South-East Europe’s power reality: 2025 lessons and what 2026 will really look like

The story of South-East Europe’s electricity markets in 2025 is essentially a story of a region learning to navigate a world where stability cannot be assumed and where every structural weakness eventually becomes visible in price behavior. Across the region, 2025 continued the pattern that began after the European energy shock: markets did not collapse, but they did not fully calm either. Prices were no longer at the crisis extremes of previous years, yet they also did not return to pre-crisis innocence. Instead, the region settled into a transitional phase where systemic uncertainty coexisted with gradual stabilization, a phase defined by fragile balance rather than confidence.

In practical terms, 2025 confirmed that volatility in South-East Europe is no longer an exception but a structural characteristic. Whenever hydrology weakened, the region immediately felt the stress. Whenever regional temperatures shifted, balancing costs reminded governments how dependent their systems still are on flexibility that is either insufficient or imported. Whenever coal units struggled, electricity imports rose and price pressure followed. Gas remained available, but no longer carried the illusion of permanence or cheapness; every state planning around it did so with the quiet understanding that gas is a stabilizer with political strings attached. At the same time, renewables multiplied, bringing welcome capacity but also exposing how unprepared many systems still are to integrate large intermittent volumes without robust balancing infrastructure and grid reinforcement.

This mix created a 2025 in which South-East Europe operated, but did not yet feel secure. Wholesale markets often traded in uneasy stability interrupted by stress spikes. Forward markets showed hesitation rather than conviction. Utilities continued managing risk rather than shaping opportunity. Countries that already possessed strong anchor assets, such as nuclear, hydropower depth or diversified import access, experienced visibly calmer market dynamics than those dependent on aging coal, uncertain hydro or limited interconnection leverage. The region therefore began to split more clearly between electricity environments shaped by capacity confidence and those shaped by capacity anxiety.

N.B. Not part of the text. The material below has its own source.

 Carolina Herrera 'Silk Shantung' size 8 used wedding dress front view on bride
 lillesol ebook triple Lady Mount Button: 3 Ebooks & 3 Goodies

As 2026 approaches, the key projection is not dramatic transformation but deepening of this structural divide. Countries with nuclear power, advancing nuclear programs, expanding firm capacity or meaningful diversification are likely to experience progressively tighter price bands and greater long-term electricity credibility. The combination of stable baseload and growing renewables will begin to create environments where volatility is controlled rather than endured and where forward planning becomes genuinely possible. In those systems, balancing markets are likely to become more disciplined, emergency pricing rarer, and industrial buyers more comfortable making long-term commitments because they can reasonably trust that electricity will not become a permanent vulnerability.

For the rest of the region, 2026 risks looking like an intensified version of 2025 unless meaningful change accelerates. Hydrology will continue to dictate fate in years with poor rainfall. Coal fleets will not suddenly become younger or more reliable. Imports will remain expensive whenever wider European pressures reappear. Renewables will continue expanding, but without adequate system modernization they will remain double-edged: politically celebrated assets that still generate operational stress. Price volatility will linger, forward uncertainty will persist, and governments will remain trapped in short-term firefighting whenever seasonal stress collides with structural weaknesses.

The strategic meaning of 2026 for South-East Europe therefore lies in what the year represents rather than in whether it produces a spectacular event. It represents a moment where gradual divergence becomes clearer, where electricity systems anchored in credible long-term capacity begin to behave like stable markets and where weaker systems slide further into dependence on neighbors and imported solutions. It marks a continuation of a regional truth that is becoming impossible to ignore: price stability, market maturity and competitiveness are no longer determined mainly by market design or regulation, but by whether a country possesses firm, modern, resilient power capacity at the core of its system.

If 2025 was the year the region accepted this reality, then 2026 is shaping up to be the year it begins to live with the consequences of who acted early and who delayed.